St. George was born in Bridgnorth, England, in 1894, to American parents. Her family returned to the United States when she was two years of age. Her father, Hiram Price Collier, was a former Unitarian minister. Her mother, Catherine Delano Collier, was the younger sister of Sara Delano Roosevelt, mother of President Franklin Delano Roosevelt. St. George's younger sister, Sara Collier, was named in their aunt's honor. From her mother's first marriage to Charles Albert Robbins, she was younger half-sister of diplomat Warren Delano Robbins.

Career
She was a member of the town board of Tuxedo Park, New York, from 1926 until 1949. She was chair of the Orange County Republican committee from 1942 until 1948. She was a delegate to the 1944 Republican National Convention. She was elected to Congress in 1946 and served from January 3, 1947, until January 3, 1965. (Her opponent in the 1956 election was Pulitzer Prize-winning cartoonist Bill Mauldin.)  She narrowly lost a re-election bid in 1964 against liberal Democrat John G. Dow.

A proponent of pay equity, St. George was a supporter of the Equal Pay Act of 1963. In 1962, St. George proposed that legislation be passed to ensure that women received equal pay for equal work. Her proposals were drafted into a bill and introduced by Congresswoman Edith Green, an Oregon Democrat. During a debate regarding the bill, St. George stated that opposing the bill was comparable to "being against motherhood".

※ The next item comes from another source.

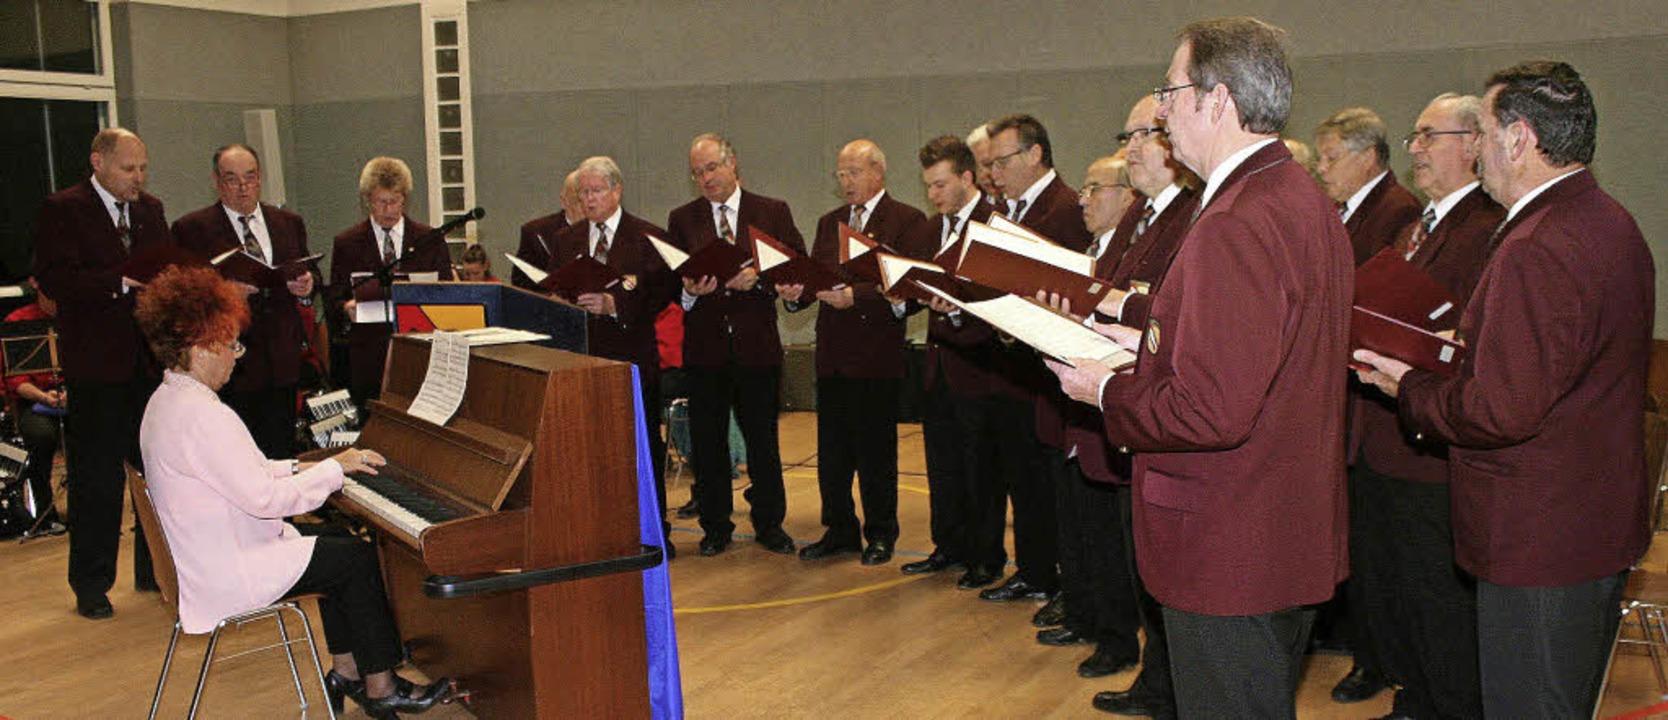 Auftritte des Männerchores, wie dieser...gehören offenbar der Vergangenheit an.    Foto: Cremer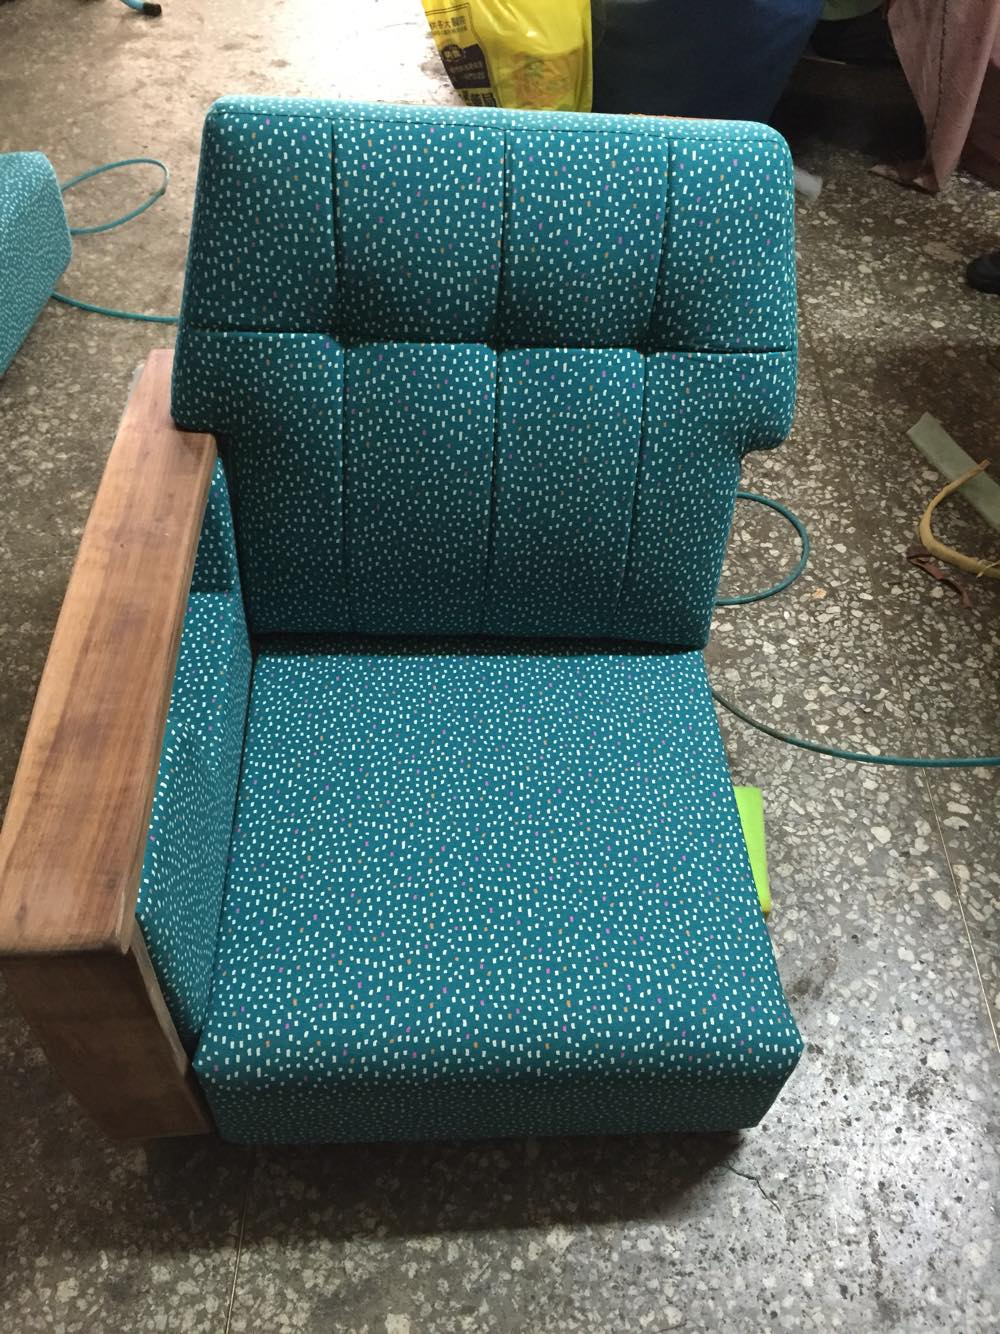 『修理職人專欄』修理人日誌-日本布藍綠色復古點點單人老沙發

The bill met with stiff opposition from the United States Chamber of Commerce, but received support from the Kennedy Administration, the American Association of Women, the National Consumers League, the ACLU, and the AFL-CIO.

The bill passed in both the House and the Senate, but it passed in different forms, and there was no final bill. Undaunted, in 1963, Green re-introduced the bill, and this time it was successfully signed into law.

St. George voted in favor of the Civil Rights Acts of 1957, 1960, and 1964, as well as the 24th Amendment to the U.S. Constitution.

Personal life
Katharine married George Baker Bligh St. George, third son of the second Baronet St. George (see St George Baronets). They were the parents of one daughter:

 Priscilla St. George, who married first to Angier Biddle Duke (1915–1995), an American diplomat, and an heir to the Duke tobacco empire, from 1936 to 1940; and second to State Senator Allan A. Ryan, Jr. (1903–1981) from 1941 to 1950.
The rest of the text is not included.